A few less Arkansas tumbleweeds?

By Steve Brawner, © 2018 by Steve Brawner Communications, Inc.

Plastic shopping bags have been nicknamed the “Arkansas tumbleweed” because of the way they drift across the landscape in the wind. If more retailers follow the example set by one national chain, there might be fewer of them tumbling.

Kroger last Thursday announced it will begin phasing out the plastic bags companywide, starting with its Seattle-based QFC division by next year. The transition to reusable bags in other parts of the company will last until 2025.

It probably will take that long to reach the stores in Arkansas. Old ways die hard, even when people have good intentions. The Brawner household is trying to reduce its plastic use, but numerous times I’ve found myself behind a shopping cart and realizing I’d left the reusable bags at home. Lately I’ve been skipping bags entirely on short trips when I forget. I don’t need a plastic bag to carry my lettuce that comes in a plastic bag.

The other challenge will be that the American consumer does not like to be inconvenienced or asked to sacrifice anything – at all. In 2006, PepsiCo introduced a biodegradable bag for its Sun Chips that was much better for the environment than traditional plastic bags. However, the bags were noisier, and sales fell. The company responded by producing a quieter biodegradable bag.

Kroger is taking a risk with this effort. Like PepsiCo, whatever good publicity it creates could be followed by a consumer revolt. We’ve all grown quite accustomed to those free plastic bags, some of which we reuse for other purposes.

Still, hopefully this will become a trend. Humankind is producing a lot of plastic, and it’s not good for the environment or for us.

It’s hard to imagine today, but there was very little plastic in the world until 1950. Now it’s littering every corner of the globe, including uninhabited ones. According to National Geographic, humans produced 448 million tons in 2015. Coca-Cola by itself produces 128 billion plastic bottles a year. Americans discard 500 million plastic straws each day. Eighteen percent of plastics globally are recycled, but the United States only manages 9 percent. Still, that’s an improvement over 1980, when almost no plastic was recycled.

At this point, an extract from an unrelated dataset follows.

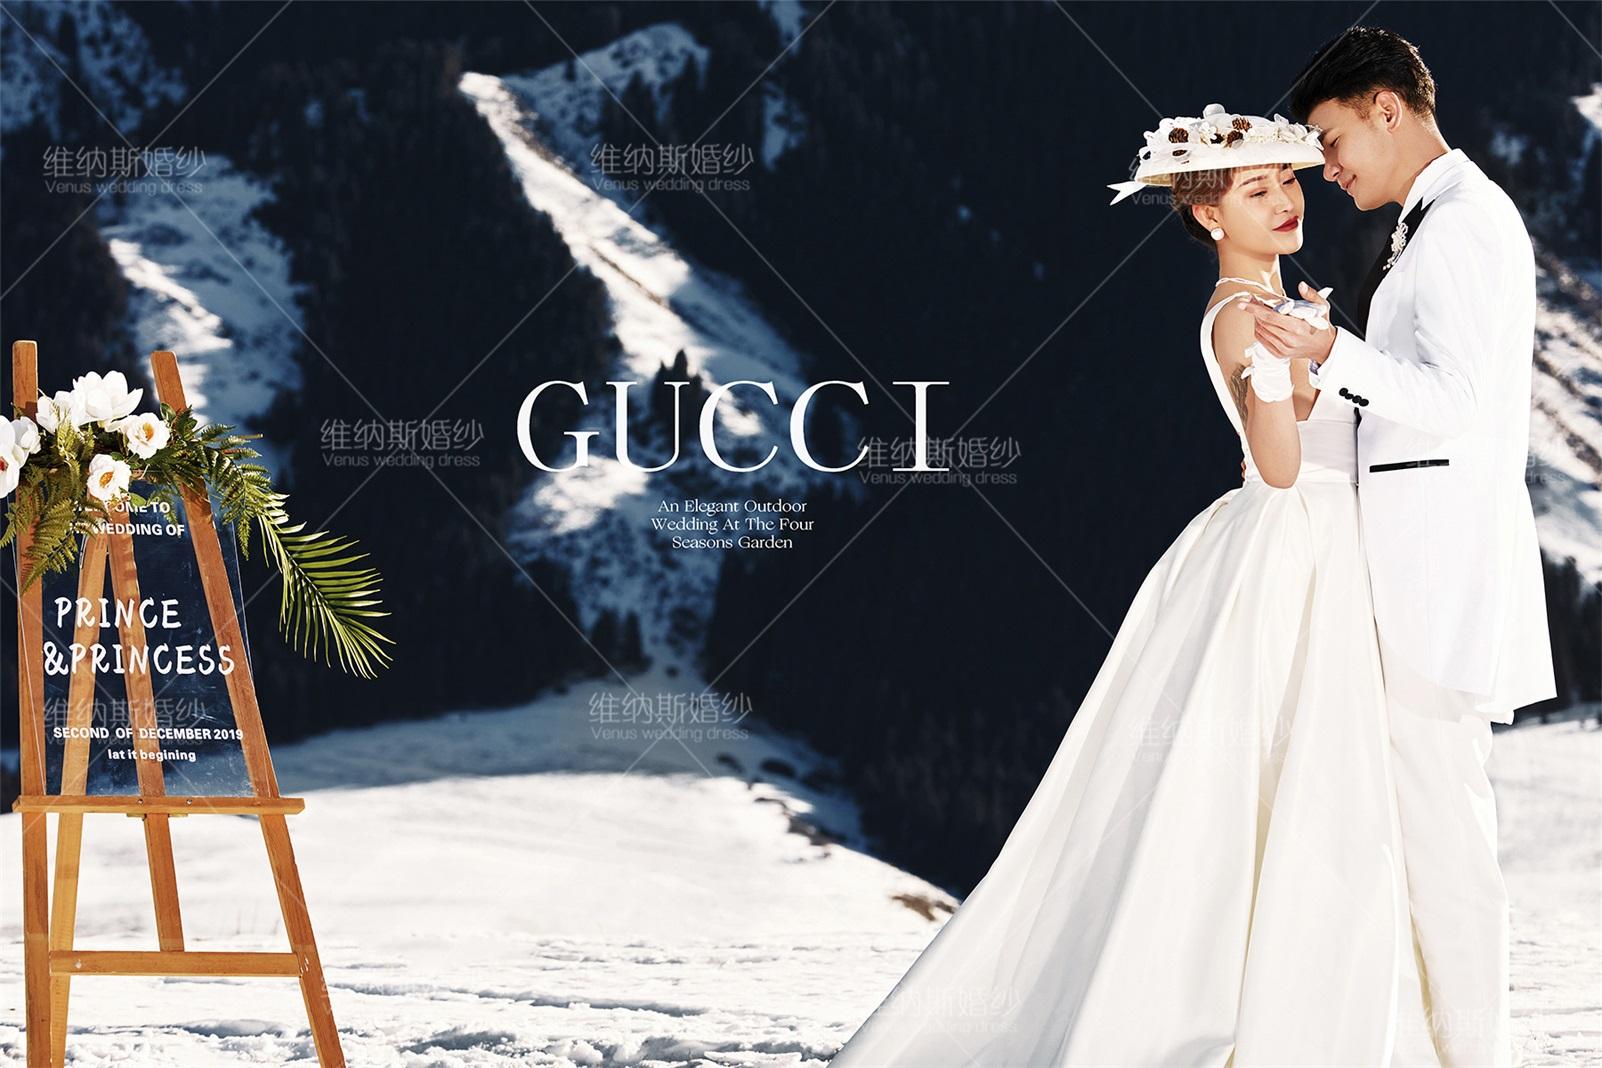 定制雪景婚纱照

As for those plastic shopping bags, a trillion are used worldwide each year – 100 billion of them in the United States. Even those that are recycled or thrown away can blow out of a container or trash truck and become an Arkansas tumbleweed.

Meanwhile, millions of tons of plastic end up in the ocean each year, much of it produced in developing Asian countries. There’s a 600,000-square-mile area, twice the size of Texas, between Hawaii and California where floating plastic gathers through ocean currents. It’s called the Great Pacific Garbage Patch, and it’s the largest of five such patches across the globe.

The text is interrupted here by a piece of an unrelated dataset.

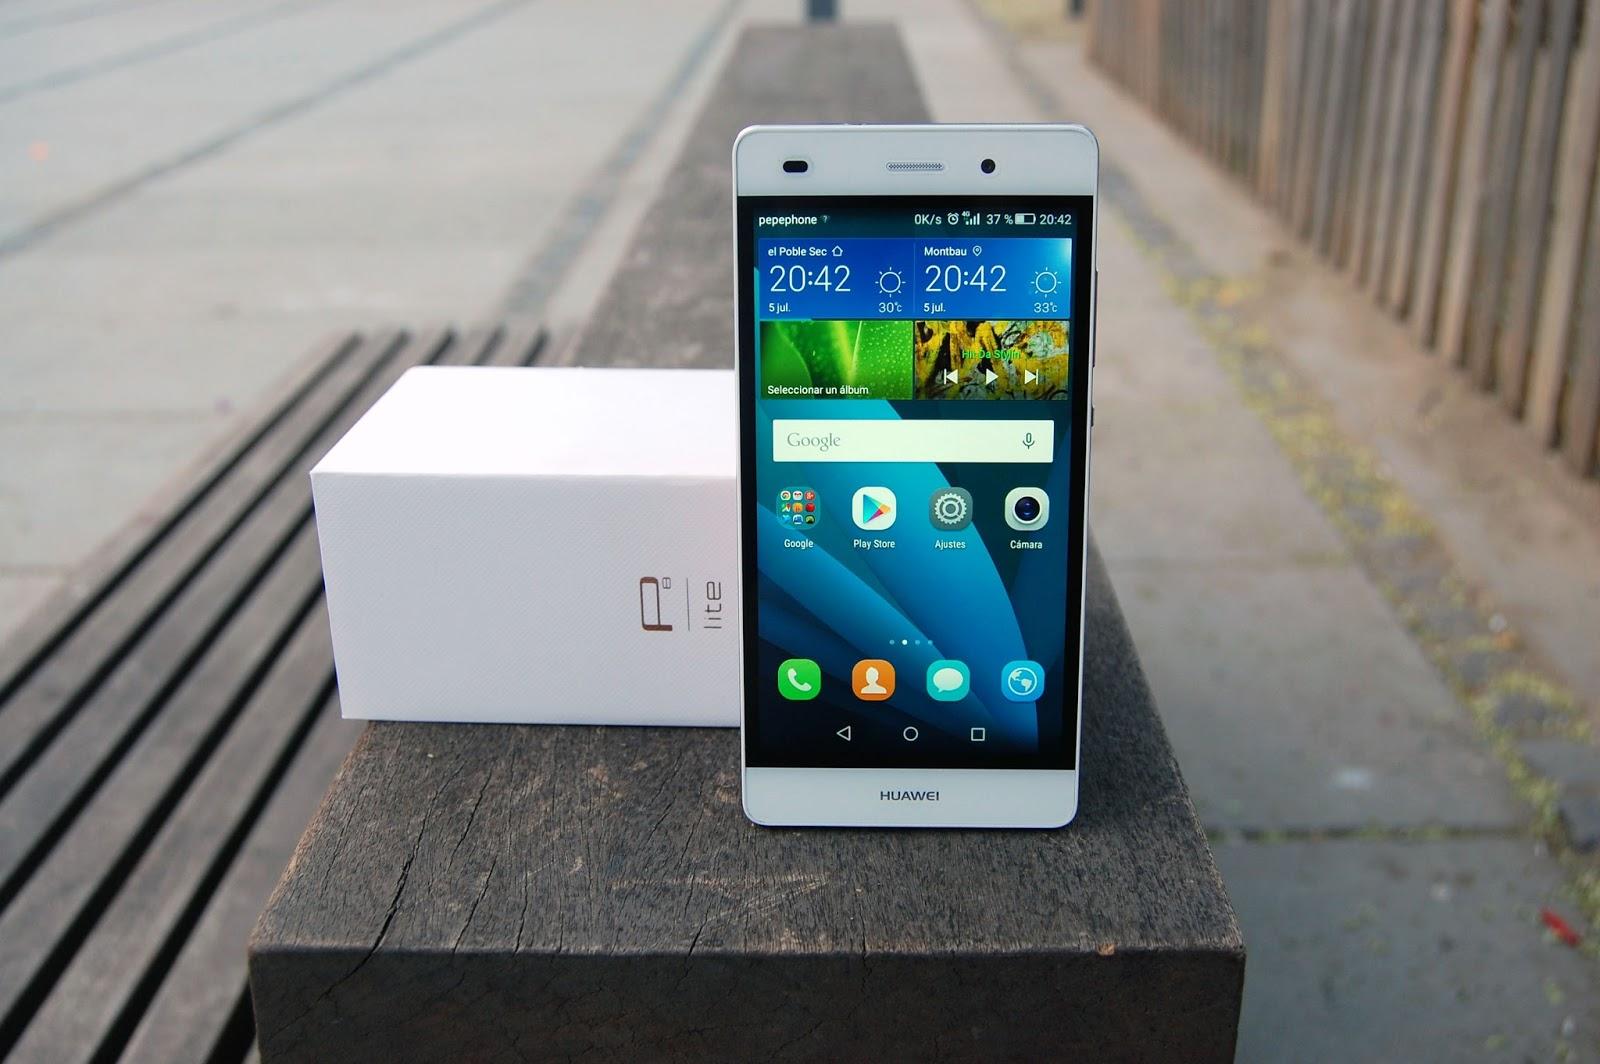 a09a6d8a567 Tu LoCoMoToR73: Huawei P8 Lite Características y opiniones

The worst part of this story is that discarded plastic doesn’t really go away. Experts have estimated it can take 450 years or maybe forever for it disintegrate. Instead of biodegrading, it becomes smaller pieces of plastic consumed by birds and fish and therefore eventually by us. It’s unclear how much this can harm us, but it can’t be good.

Hopefully, the response to the plastic problem doesn’t become a liberal vs. conservative debate, in the way that climate change unnecessarily became. It’s inarguable that enormous amounts of plastic are littering the environment. We can see it in the water, the beaches, and everywhere else. The next time you drive to your grocery store, glance to the side of the road. The plastic trash you see there will exist for a long time. If a plastic bag or water bottle had blown from George Washington’s carriage, parts of it would still be around.

One last thing about the shopping bags: You know they’re not “free,” right, just like parking isn’t “free”? It’s a cost of doing business that stores add to the price of our stuff.

Those bags have other societal costs, too – disposing them in landfills, cleaning them up when they’re not disposed of properly, and, eventually, responding to the problems caused by not cleaning them up. Arkansas becomes a less beautiful place when the landscape is marred by plastic tumbleweeds.

I can’t save the planet, but I can reduce those costs, starting with my grocery store trips. At the very least, I don’t need to carry a plastic bag of lettuce inside another plastic bag.